● GOAL OF THE EXERCISE: Please return the full listing word for word, leaving out any pictures.

● EXERCISE DATA:
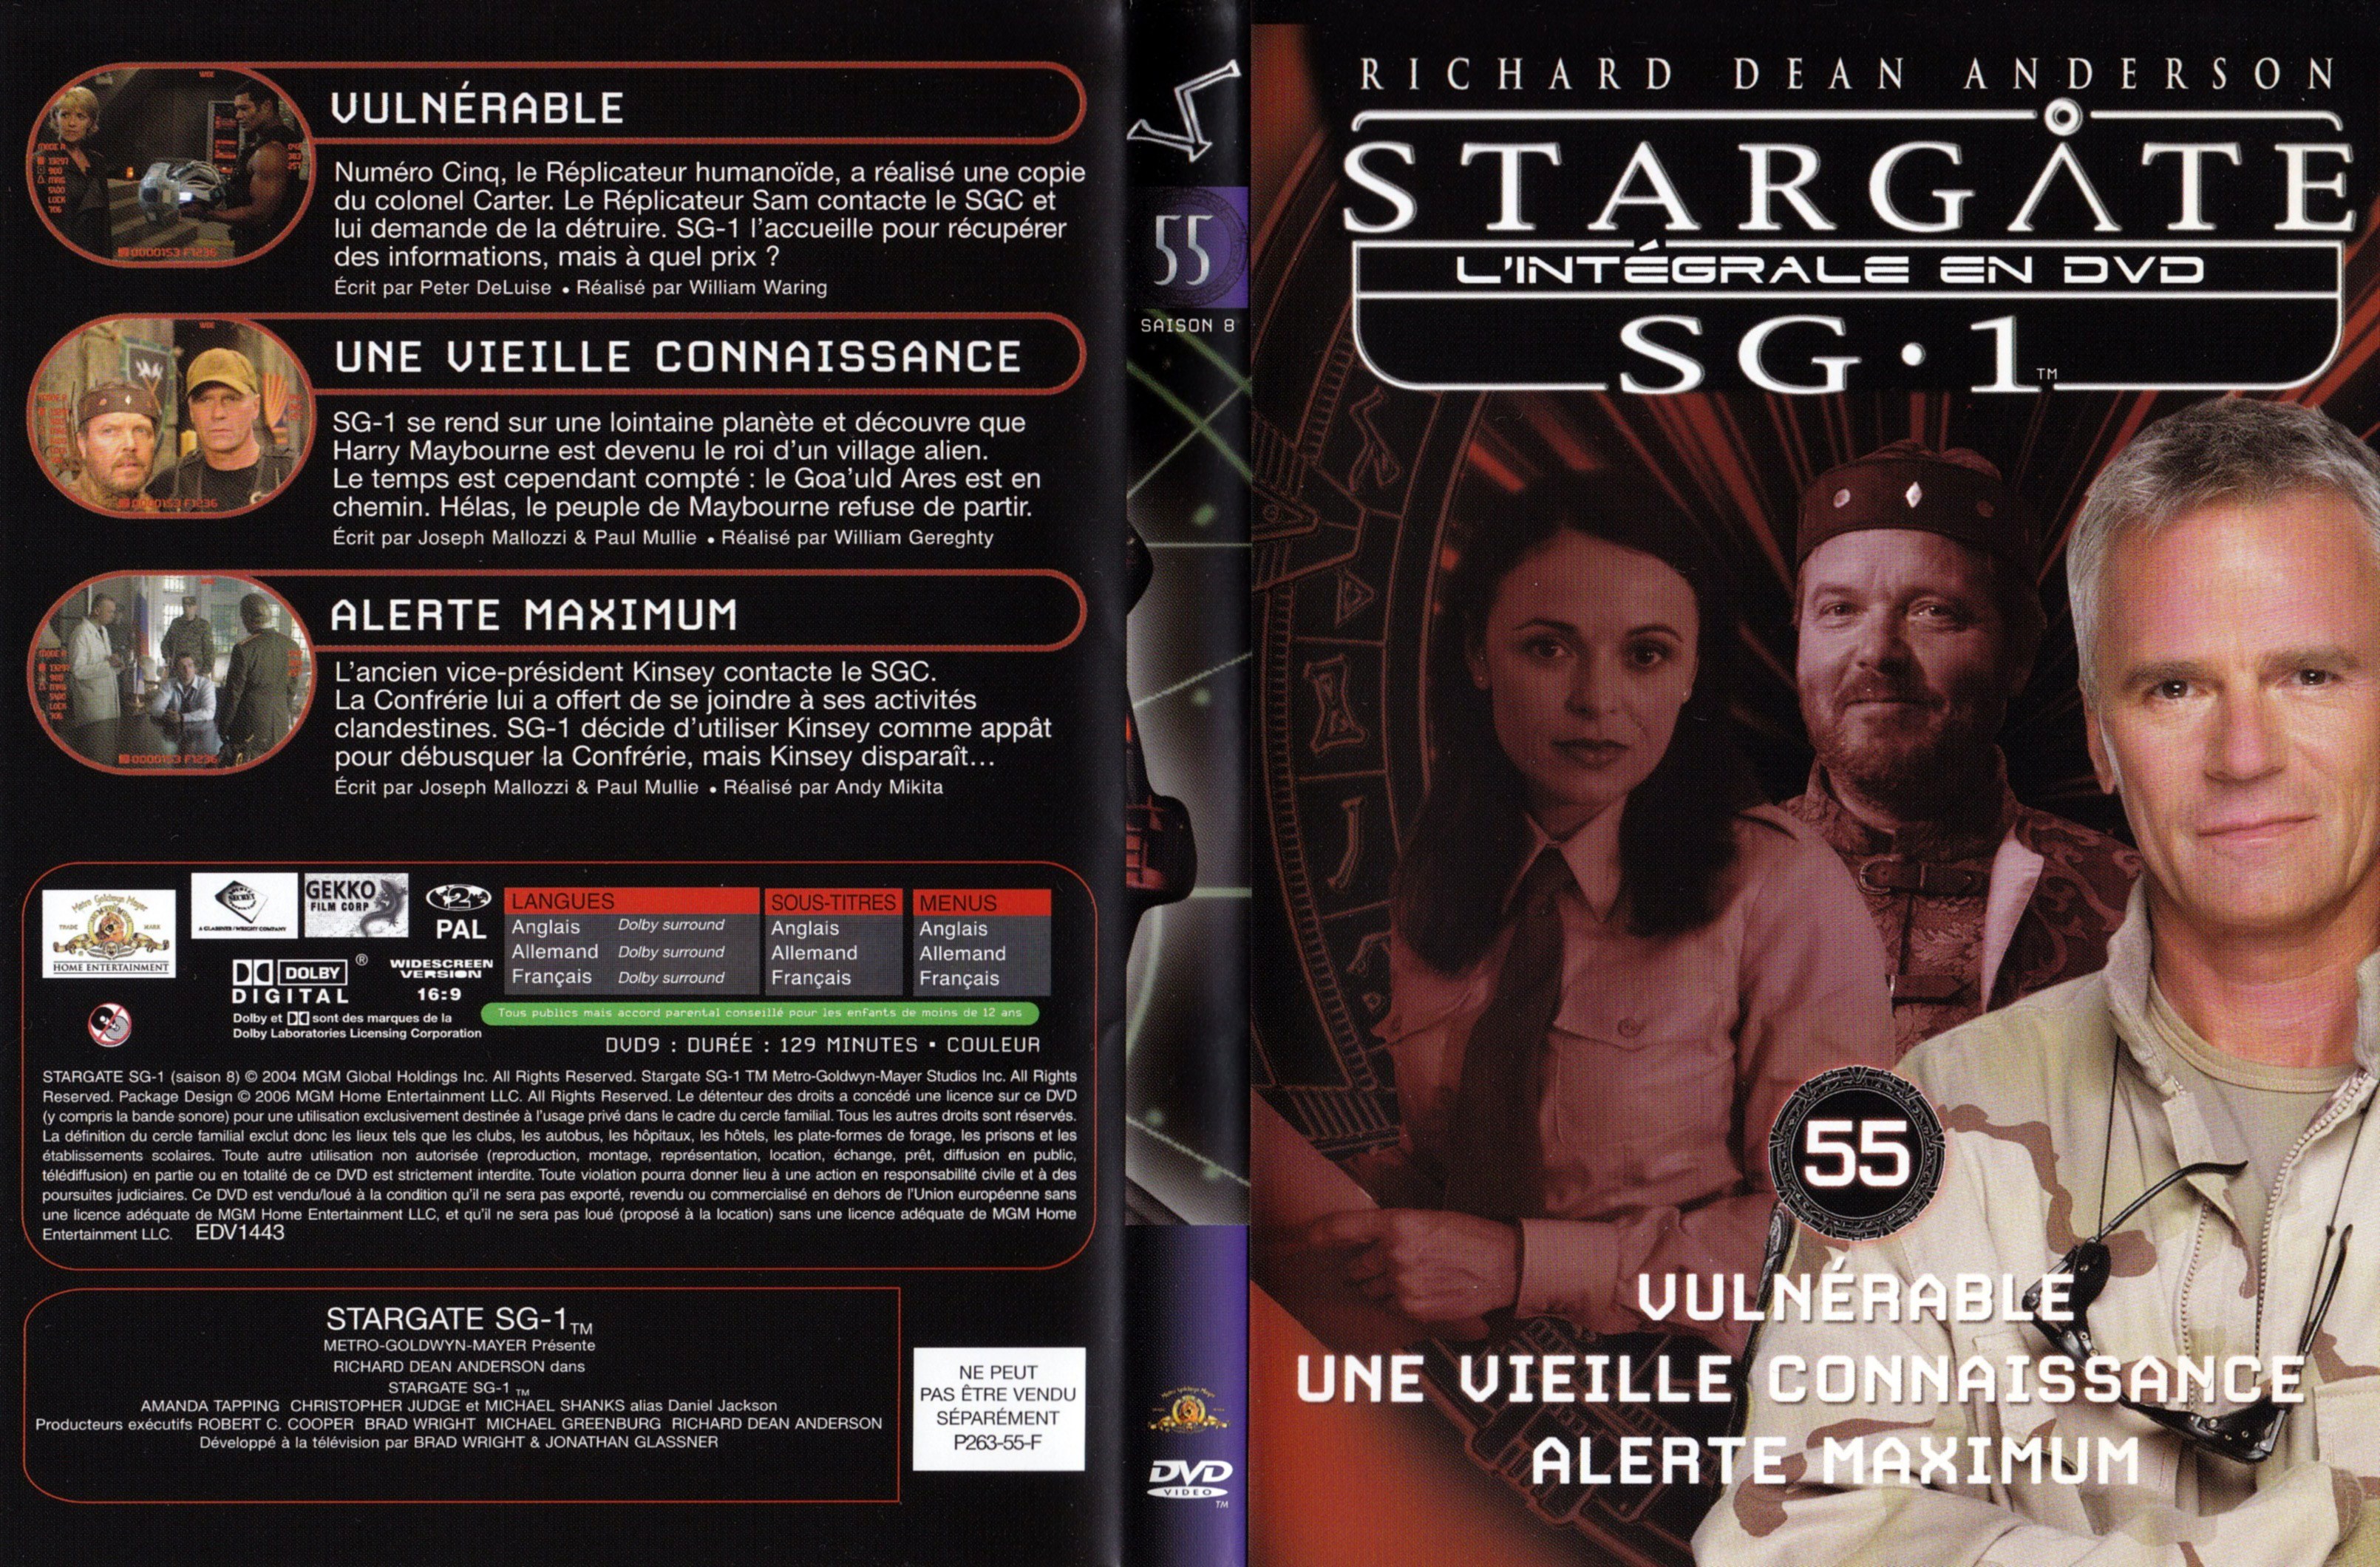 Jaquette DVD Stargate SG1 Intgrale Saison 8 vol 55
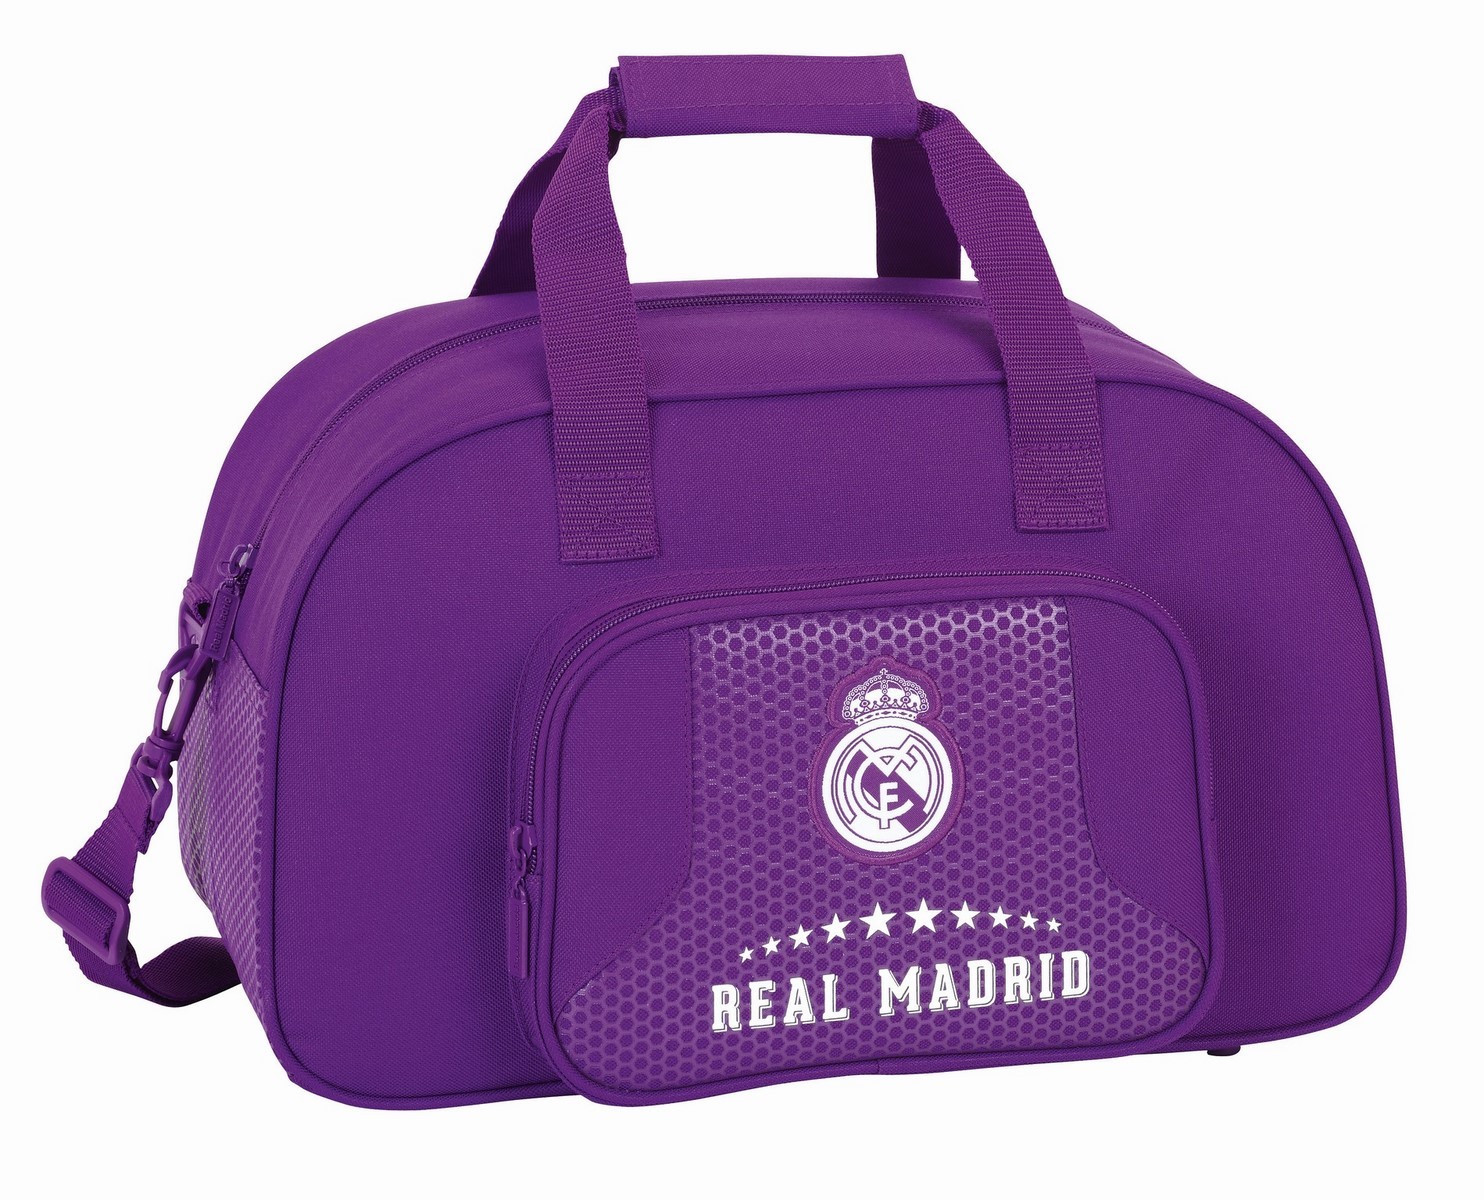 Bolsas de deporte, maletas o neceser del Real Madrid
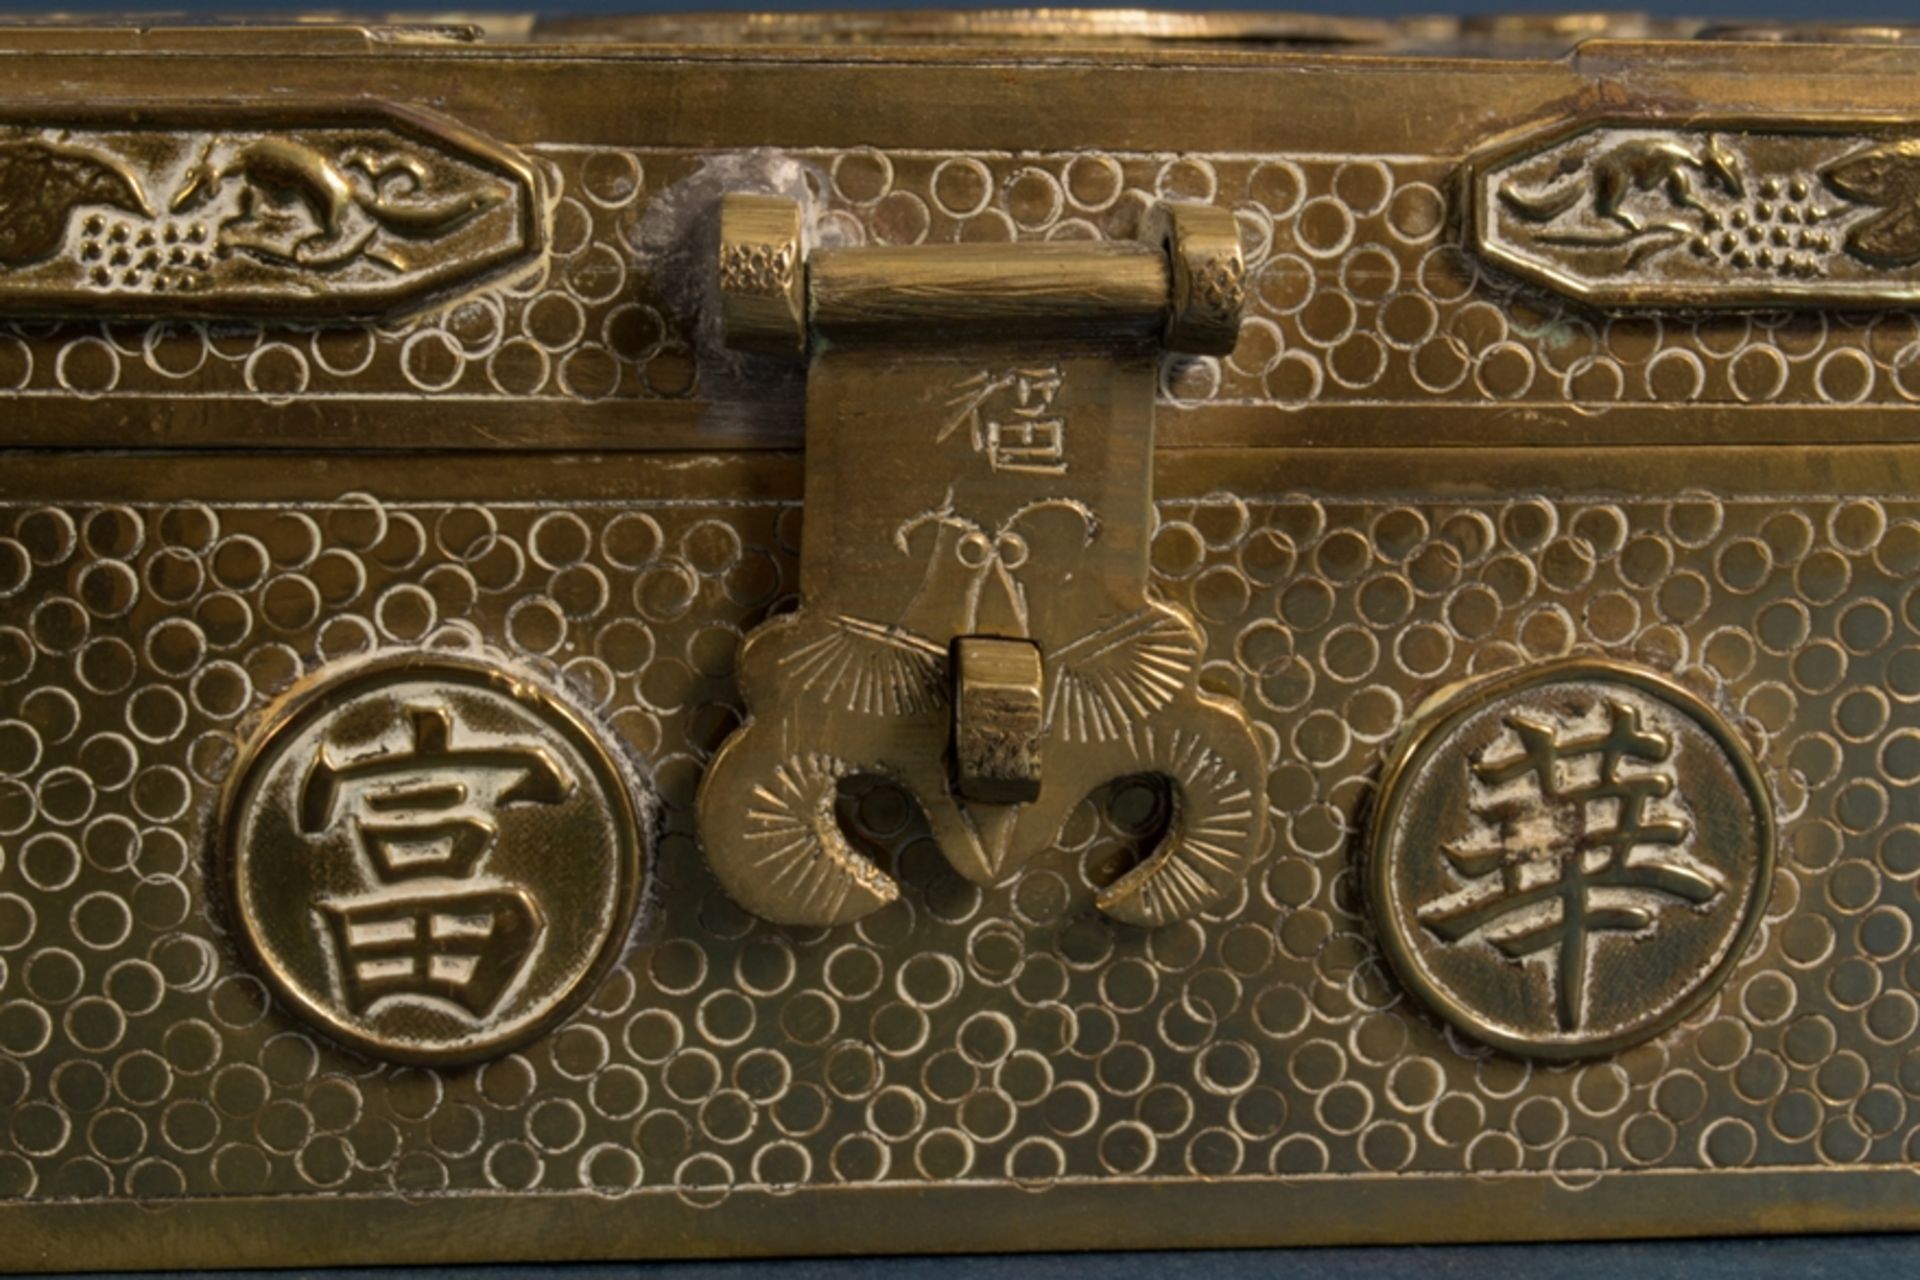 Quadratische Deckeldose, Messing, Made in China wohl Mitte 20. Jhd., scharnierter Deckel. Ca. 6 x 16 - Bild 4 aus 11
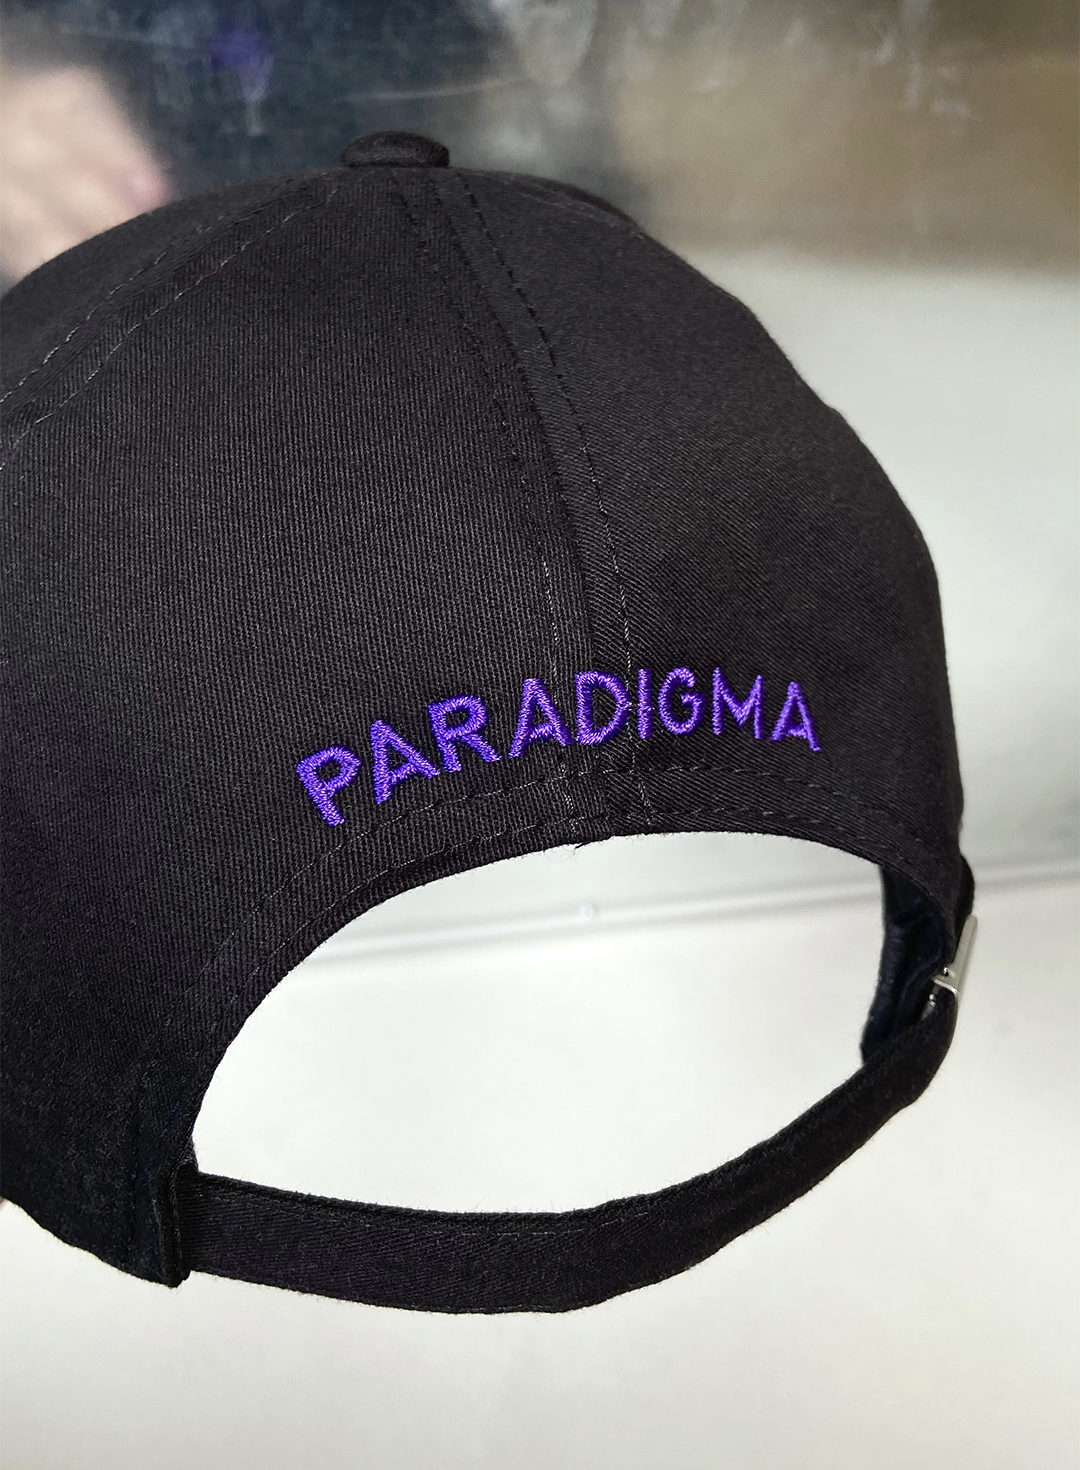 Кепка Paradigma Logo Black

● RESULT:
 Jaquette DVD Stargate SG1 Intgrale Saison 8 vol 55
 Bolsas de deporte, maletas o neceser del Real Madrid
 Quadratische Deckeldose, Messing, Made in China wohl Mitte 20. Jhd., scharnierter Deckel. Ca. 6 x 16 - Bild 4 aus 11
 Кепка Paradigma Logo Black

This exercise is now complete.